2022 es un año bisagra y este un día que muchos aún no logran entender. El día de la mujer continúa viéndose como un día de festejo, sin embargo su propio sentido indica otra cosa. Camila Borda nos ayuda a reflexionar al respecto. En su texto invita a realizar una lectura crítica sobre las acciones cotidianas y también sobre como la masculinidad afecta la vida de las mujeres.

20220308 - 8M ninguna en el olvido por Camila Borda

«8M: ninguna en el olvido» por Camila Borda

(*) Camila Borda es periodista en Fm Radio Municipal de La Toma. Conductora del Programa «Más Vale Tarde». Locutora en la última edición del Festival Nacional del Marmol Onix. Ella participa en cada evento de la localidad siendo una de las voces de difusión de La Toma, Provincia de San Luis.

El 8 de marzo es una fecha trascendental en la vida de todas las mujeres, aquí no cabe duda alguna de que nos encanta recibir saludos, besos, abrazos y derechos. Más allá de esa banalización, hoy desperté y pude palpar a mi alrededor la realidad sobre la que quiero invitarte humildemente a reflexionar en el marco de este dia tan importante y en el mejor de los casos que dichas reflexiones puedan cultivar en vos el deseo de seguir investigando sobre nuestra histórica lucha.

En principio, una de las cuestiones centrales o puntos de partida que considero pueden ser de utilidad para empezar a entender las implicancias del 8M son las conceptualizaciones de perspectiva de género y feminismo. Claro que estas definiciones no serán vastas a toda la información que querría brindarles; pero intentaré acompañarte a subir un peldaño más hacia una mejor comprensión.

La perspectiva de género comprende tanto lo femenino como lo masculino que se compone de una mutua relación, cultural e histórica. Ahora bien, esto no tiene que ver con los sexos sino con las conductas tanto femeninas como masculinas. Si repasamos en la historia entre fines de los años 80 y comienzos de los 90 el concepto de género adquiere mayor consistencia dentro de América Latina a través de intelectuales feministas que logran instalar la discusión sobre la denominada perspectiva de género dentro de la academia y las políticas públicas. Este enfoque opta por una concepción epistemológica que se acerca a la realidad desde las miradas de géneros y sus respectivas relaciones de poder.

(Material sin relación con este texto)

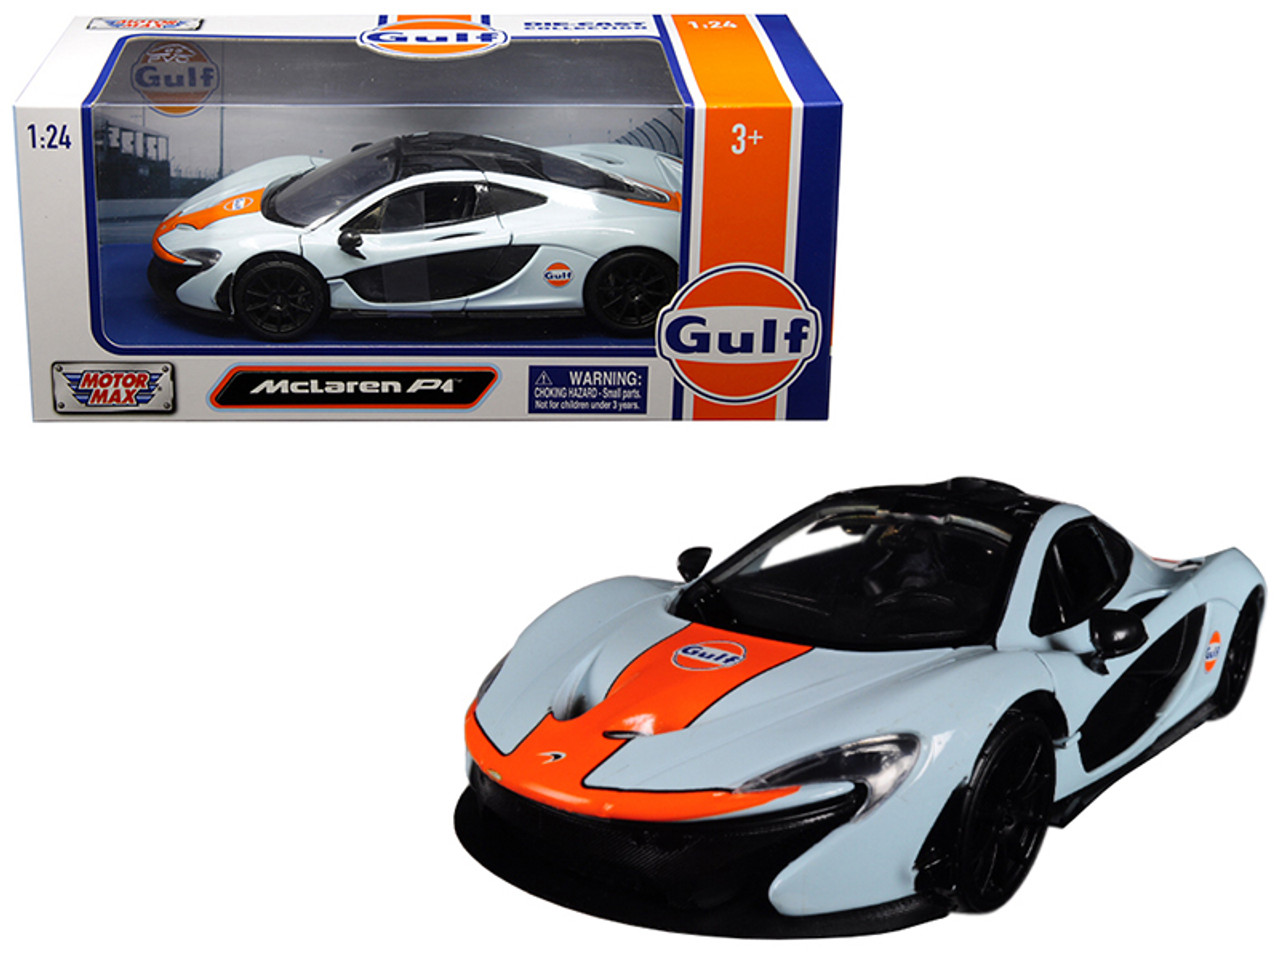 1/24 Motormax McLaren P1 with "Gulf" Livery Light Blue with Orange Stripe Diecast Car Model

El feminismo hace referencia a movimientos de liberación de la mujer que buscan generar pensamientos de acción, teoría y práctica. Dichos movimientos pugnan por un cambio dentro de las relaciones sociales que conducen a la liberación de la mujer mediante la eliminación de jerarquías y desigualdades entre los sexos. La teoría feminista es un estudio profundamente sistemático de la condición de las mujeres, su papel en la sociedad y las vías posibles para lograr su emancipación. Es plausible analizar el feminismo como un movimiento político integral que se opone al sexismo en todos sus terrenos.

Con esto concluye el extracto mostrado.